**Work request**: If a line below contains the string "Black", copy it out.

**Material provided**:
-----

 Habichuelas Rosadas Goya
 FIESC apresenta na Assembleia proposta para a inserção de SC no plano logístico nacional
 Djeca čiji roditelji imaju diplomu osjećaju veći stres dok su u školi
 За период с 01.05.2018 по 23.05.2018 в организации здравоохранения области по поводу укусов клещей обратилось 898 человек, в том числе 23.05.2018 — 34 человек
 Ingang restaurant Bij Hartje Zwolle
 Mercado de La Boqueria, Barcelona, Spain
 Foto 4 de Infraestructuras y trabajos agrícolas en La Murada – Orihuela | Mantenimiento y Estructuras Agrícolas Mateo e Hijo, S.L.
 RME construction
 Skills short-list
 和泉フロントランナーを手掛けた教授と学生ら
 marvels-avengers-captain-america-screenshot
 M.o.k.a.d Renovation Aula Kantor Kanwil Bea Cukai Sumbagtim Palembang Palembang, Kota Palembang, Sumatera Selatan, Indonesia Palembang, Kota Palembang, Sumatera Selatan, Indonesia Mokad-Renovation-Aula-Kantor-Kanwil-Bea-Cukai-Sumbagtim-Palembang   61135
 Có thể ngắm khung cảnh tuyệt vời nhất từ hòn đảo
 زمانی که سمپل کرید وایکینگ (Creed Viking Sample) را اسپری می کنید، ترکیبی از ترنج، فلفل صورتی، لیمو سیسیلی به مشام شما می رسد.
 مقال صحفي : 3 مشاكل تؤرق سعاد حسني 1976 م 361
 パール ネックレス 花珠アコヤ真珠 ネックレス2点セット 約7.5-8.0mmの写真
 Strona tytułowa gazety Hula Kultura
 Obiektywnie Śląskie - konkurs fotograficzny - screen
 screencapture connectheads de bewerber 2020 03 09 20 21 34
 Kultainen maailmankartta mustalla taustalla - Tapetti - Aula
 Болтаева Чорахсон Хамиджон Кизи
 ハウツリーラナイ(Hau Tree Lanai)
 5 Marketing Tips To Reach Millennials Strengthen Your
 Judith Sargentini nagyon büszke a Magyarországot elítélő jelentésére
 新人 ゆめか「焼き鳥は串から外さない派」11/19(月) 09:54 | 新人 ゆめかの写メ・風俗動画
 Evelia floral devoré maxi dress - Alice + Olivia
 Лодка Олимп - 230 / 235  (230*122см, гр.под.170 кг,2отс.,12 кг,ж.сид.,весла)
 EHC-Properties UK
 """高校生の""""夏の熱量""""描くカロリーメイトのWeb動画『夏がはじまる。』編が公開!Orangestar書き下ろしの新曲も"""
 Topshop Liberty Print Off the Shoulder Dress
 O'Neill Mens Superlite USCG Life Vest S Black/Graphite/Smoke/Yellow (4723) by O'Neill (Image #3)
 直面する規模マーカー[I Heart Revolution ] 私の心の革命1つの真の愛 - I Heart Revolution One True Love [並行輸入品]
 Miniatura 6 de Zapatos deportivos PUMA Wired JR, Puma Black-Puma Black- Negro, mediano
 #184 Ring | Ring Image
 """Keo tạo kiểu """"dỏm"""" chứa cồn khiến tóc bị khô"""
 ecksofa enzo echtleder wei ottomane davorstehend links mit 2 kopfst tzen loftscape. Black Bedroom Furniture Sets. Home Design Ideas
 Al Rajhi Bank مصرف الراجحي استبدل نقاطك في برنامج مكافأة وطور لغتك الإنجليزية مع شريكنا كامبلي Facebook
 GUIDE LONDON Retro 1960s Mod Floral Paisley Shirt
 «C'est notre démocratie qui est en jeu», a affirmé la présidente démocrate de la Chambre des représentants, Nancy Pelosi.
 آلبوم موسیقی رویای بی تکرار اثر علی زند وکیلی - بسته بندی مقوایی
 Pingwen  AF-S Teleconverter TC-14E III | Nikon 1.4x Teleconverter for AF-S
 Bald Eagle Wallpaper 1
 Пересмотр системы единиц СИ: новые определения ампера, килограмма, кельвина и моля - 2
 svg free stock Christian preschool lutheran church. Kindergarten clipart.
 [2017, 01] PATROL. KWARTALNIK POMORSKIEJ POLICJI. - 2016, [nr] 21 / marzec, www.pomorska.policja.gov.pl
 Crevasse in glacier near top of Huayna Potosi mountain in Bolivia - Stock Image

-----

**Your solution**:
 O'Neill Mens Superlite USCG Life Vest S Black/Graphite/Smoke/Yellow (4723) by O'Neill (Image #3)
 Miniatura 6 de Zapatos deportivos PUMA Wired JR, Puma Black-Puma Black- Negro, mediano
 ecksofa enzo echtleder wei ottomane davorstehend links mit 2 kopfst tzen loftscape. Black Bedroom Furniture Sets. Home Design Ideas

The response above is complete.